Bedrock is used to add generative AI capabilities to applications without operating model infrastructure. Common workloads include text generation and summarization, conversational assistants and chatbots, retrieval-augmented generation over private data, code generation, image generation, document and video analysis, and increasingly the building and operation of autonomous AI agents. Because models are exposed through one API and standard AWS SDKs, teams can prototype with several models, benchmark them on their own tasks, and move the best fit into production without rebuilding application logic. The official AWS definition states that "Amazon Bedrock is a fully managed service that offers a choice of high-performing foundation models (FMs) from leading AI companies" [1].

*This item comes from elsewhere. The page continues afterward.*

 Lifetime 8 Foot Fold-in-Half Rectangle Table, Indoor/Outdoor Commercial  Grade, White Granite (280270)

AWS first previewed Amazon Bedrock in April 2023 at its annual summit, positioning it as the company's answer to growing demand for enterprise-grade generative AI tools. The service became generally available on September 28, 2023, initially launching in two AWS regions: US East (N. Virginia) and US West (Oregon) [1][2]. At launch, the platform offered models from AI21 Labs, Anthropic, Cohere, Stability AI, and Amazon's own Titan family, with Meta's Llama 2 (in fine-tuned 13B and 70B versions) added shortly after as the first fully managed Llama 2 API [1][2]. Bedrock achieved HIPAA eligibility and GDPR compliance at general availability [2].

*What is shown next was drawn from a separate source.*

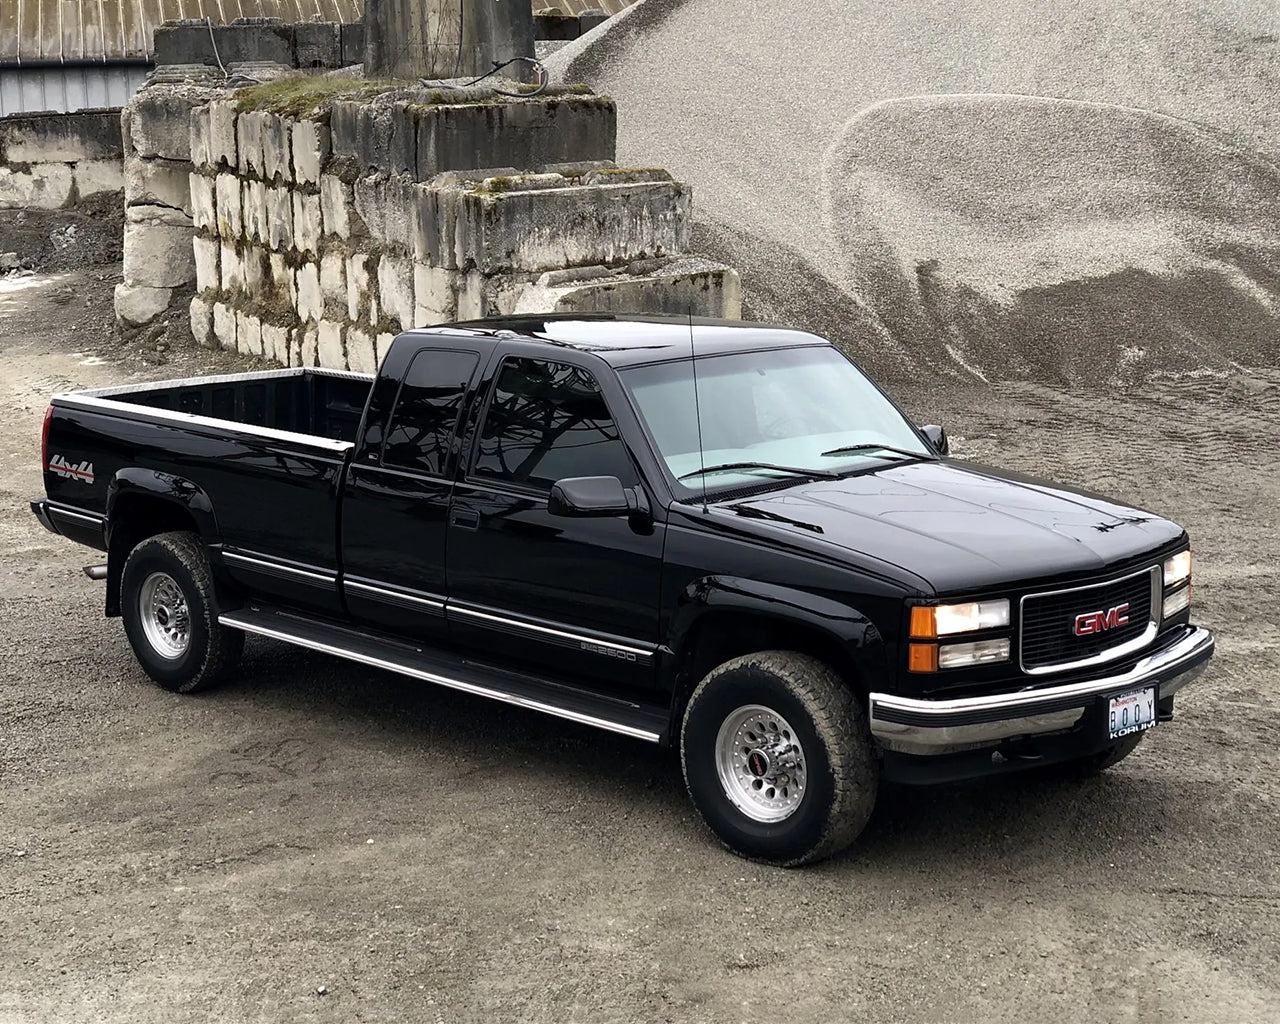 Black GMC C2500 parked in a construction zone, with brick concrete and a mound of rocks in the background

Since then, AWS has steadily expanded Bedrock's capabilities and model catalog. In December 2025, AWS announced its largest single expansion, adding 18 fully managed open-weight models to the platform, with new entries from Mistral, Google, NVIDIA, OpenAI, MiniMax, Moonshot, and Qwen; with that launch Bedrock reached nearly 100 serverless models [14]. That same month, on December 2, 2025, AWS introduced the Amazon Nova 2 family of foundation models, which offer advanced reasoning with competitive price-performance characteristics [3].
In October 2025, AWS launched Amazon Bedrock AgentCore, a platform-level service for building, deploying, and operating AI agents at scale without managing infrastructure. AgentCore became generally available on October 13, 2025 and marked a significant evolution in the platform's capabilities, reflecting the broader industry shift toward agentic AI architectures [9][15]. By early 2026, Amazon Bedrock powers generative AI for more than 100,000 organizations worldwide, spanning startups to global enterprises across every industry [10].
Amazon Bedrock was previewed in April 2023 and reached general availability on September 28, 2023. The following timeline summarizes major milestones [1][3][9][14][15].
| Date | Milestone |
|---|---|
| April 2023 | Bedrock previewed at the AWS Summit |
| September 28, 2023 | General availability in US East (N. Virginia) and US West (Oregon) |
| 2025 | Intelligent Prompt Routing, Priority and Flex pricing tiers, multi-agent collaboration introduced |
| July 2025 | Bedrock AgentCore released in preview |
| October 13, 2025 | Bedrock AgentCore reaches general availability |
| December 2, 2025 | Amazon Nova 2 family announced; 18 open-weight models added (largest expansion to date) |
| December 3, 2025 | Reinforcement fine-tuning announced |
| Early 2026 | Nearly 100 serverless models; 100,000+ organizations using Bedrock |
One of Bedrock's primary differentiators is its multi-provider approach. Instead of locking customers into a single model family, it offers a marketplace of foundation models spanning text generation, image generation, and embeddings.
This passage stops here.